Usp14 mutation abolishes the ability of IU1 to delay proteostasis-associated aging. (A, B) immunostaining of the IFMs was performed for Usp14 mutant flies of three different ages (10-day, 20-day and 30-day) with or without IU1 treatment. IU1 failed to significantly decrease both ref(2)P (green in A) and poly-ubiquitinated protein aggregates (red in A and B) when Usp14 was mutated as flies aged. The co-localization of ref(2)P and poly-ubiquitinated protein aggregates is indicated by white arrows in A. IU1 failed to significantly increase LC3 (green in B; representative LC3 puncta are indicated by yellow arrows) when Usp14 was mutated as flies aged. The results of immune signal quantification are shown in A and B. n > 12 male flies under each condition. The p values compared to the respective controls are denoted in the graphs.
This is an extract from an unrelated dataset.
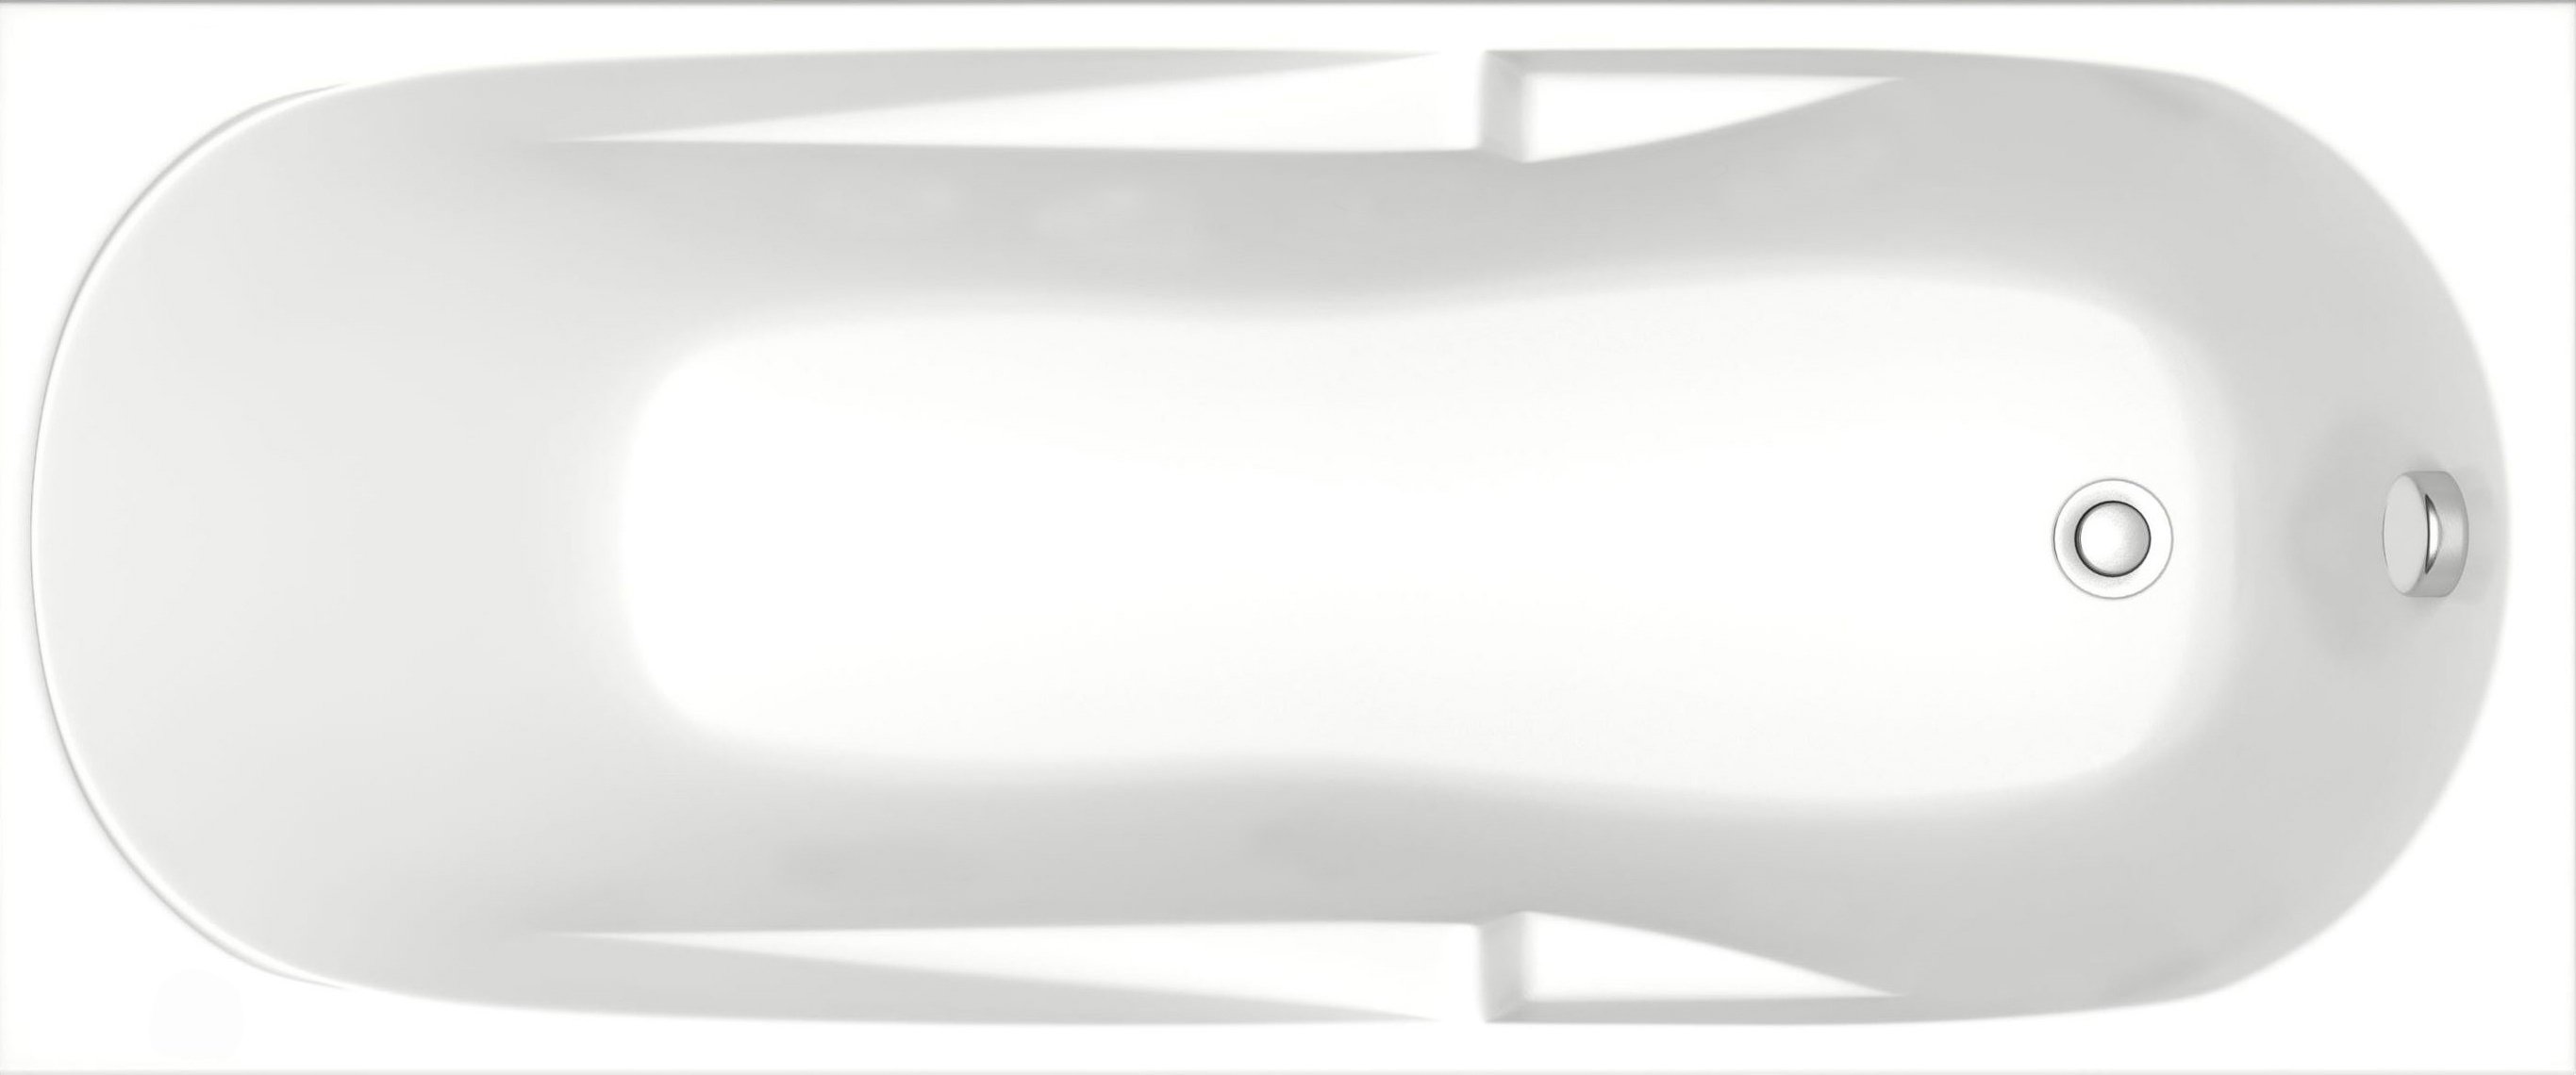 Акриловая ванна Bas Нептун стандарт 170 см на ножках В 00026 - 0

Scale bar: 20 µm (magnification, 400 ×). (C) IU1 failed to significantly prolong the lifespan of the Usp14 mutant flies in the presence or absence of AAA as revealed by the survival curve. 1×AAA (5 mM canavanine +0.5 mM L-azetidine-2-carboxylic acid). n = 150 (control), n = 149 (IU1 0.1 mM), n = 150 (control +1×AAA), n = 150 (IU1 + 1×AAA). The p values for the lifespan curves were calculated using the log-rank test. All lifespan experiments were repeated, yielding similar results; representative experiments are presented. (D) IU1 failed to increase the locomotive activity of Usp14 mutant flies decreased by aging based on the ability of flies to climb from the bottom of the vial. The p value for the locomotive bar graph compared to the respective control was calculated using Student’s t-test.

Figure 10.

IU1 treatment in human cells rescues the decreased activity of proteostasis and autophagy induced by AAA in a proteasome-dependent manner. (A) Human bj-hTERT cells were exposed to AAA in the absence or presence of IU1, and then analyzed using immunoblotting with anti-ub. (B) Scheme of compound treatment is shown. IMR90-hTERT cells were incubated with IU1, AAA, or baf at the indicated time points and the lysates were analyzed to determine the autophagic flux by LC3B immunoblotting. IU1 clearly rescues the autophagic activity impaired by AAA. As shown in graph, the LC3B-II levels were quantified based on three independent results, including the representative immunoblotting presented in (B). Data are expressed as mean ± SD. The p value was calculated using Student’s t-test. *p < 0.1 and **p < 0.05. (C) Upper panel indicates the treatment scheme of compounds. IMR90-hTERT cells were incubated with IU1, and then treated with the proteasome inhibitor, MG-132, prior to treatment with baf at the indicated time intervals. Immunoblotting of LC3B was performed using the lysates. The data indicate that proteasome inhibition hinders the autophagic activation induced by IU1. AAA (2 mM canavanine plus 0.2 mM L-azetidine-2-carboxylic acid), 50 μM IU1, 100 nM baf or 20 μM MG-132 was used throughout the experiments. All panels show SDS-PAGE/immunoblotting and quantification data. % LC3B-II protein was normalized based on the GAPDH level.